While Conner is talking about film and photography, it is clear that he put his knowledge of this scientific phenomenon into the drawings and prints. Various means are used to create the illusion of motion, among them: shifting, rhythmic fields of dense, abstract patterning; the interplay between positive and negative; and the use of white to generate a stroboscopic-like effect. The retinal afterimage, that is the result of the fast changing contrast between black-and-white, causes the image to appear to be moving-an effect that is both compelling and disconcerting.

Both the felt tip pen drawings and offset lithographs dissolve the figure/ground relationship, as well as become an unending engagement between black and white, darkness and light.
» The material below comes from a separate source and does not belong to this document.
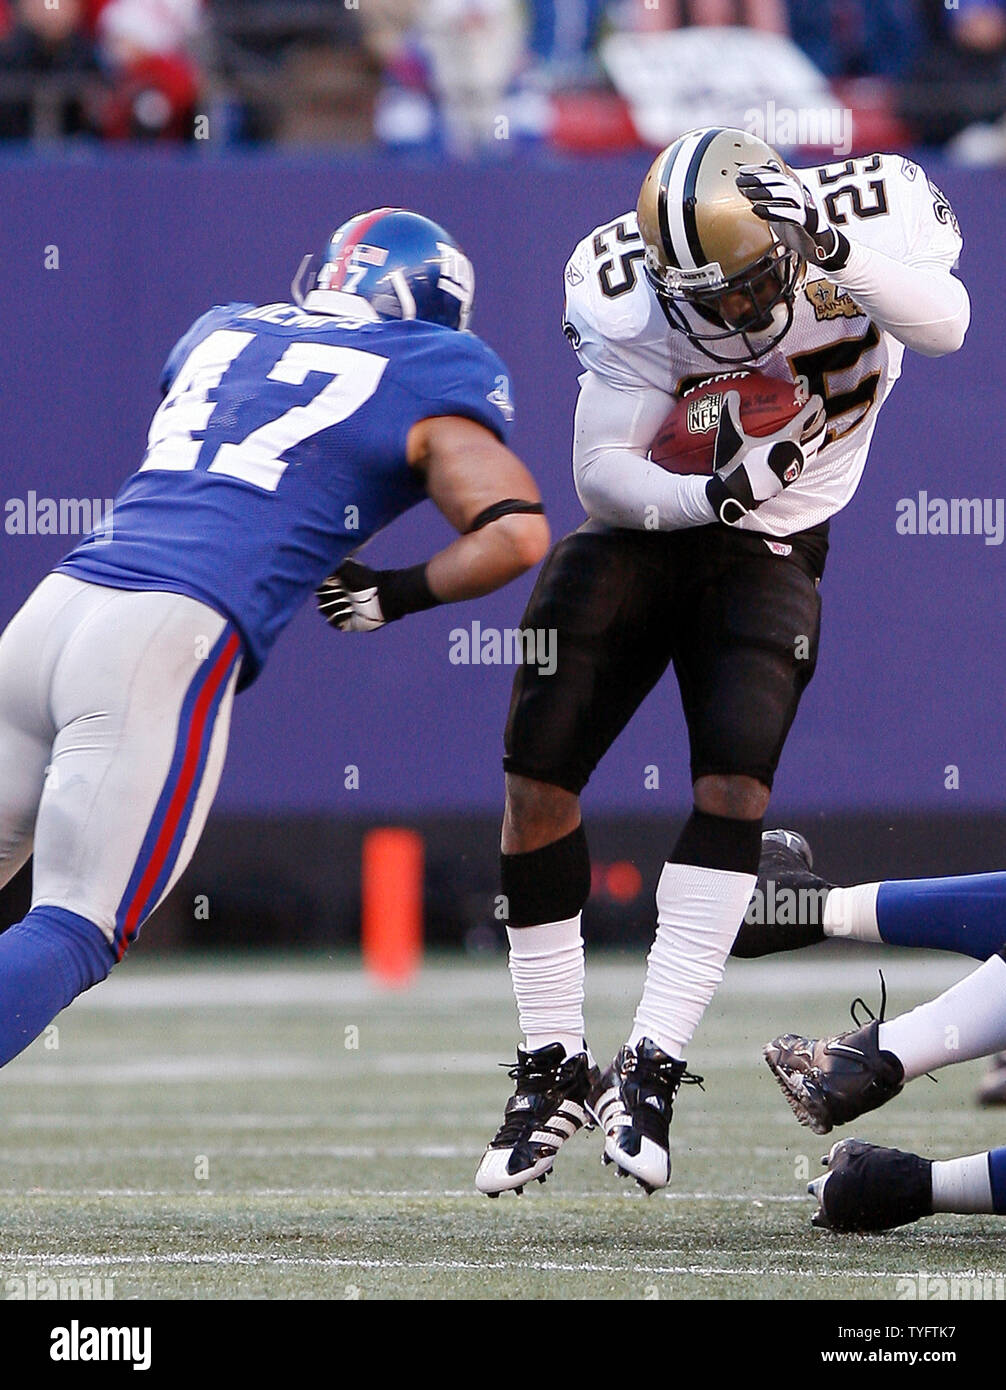 New Orleans Saints Reggie Bush gets hit hard by New York Giants Will Demps  in the 2nd quarter at Giants Stadium in East Rutherford, New Jersey on  December 24, 2006. The New

Like Gnostic charts, many of the ones incorporating a Mandala can be read as hermetic maps of the universe. They bring to mind the illustrations one finds in Utriusque Cosmi, Volume 1 (1617) by Robert Fludd (1574-1638). Fludd presented sixteen Mandala-like structures, circles within circles, each of which detailed a stage of Genesis. Deeply knowledgeable about many arcane branches of philosophical speculation, the artist is able to evoke these associations by underscoring the formal relation of the graphic mark to its surrounding space. We see both formally rigorous drawing and an engagement between light and dark, and all the associations their encounter evokes. It is not the literal symbolism that he is necessarily interested in, but the relationship between a structure and its surroundings, form and chaos.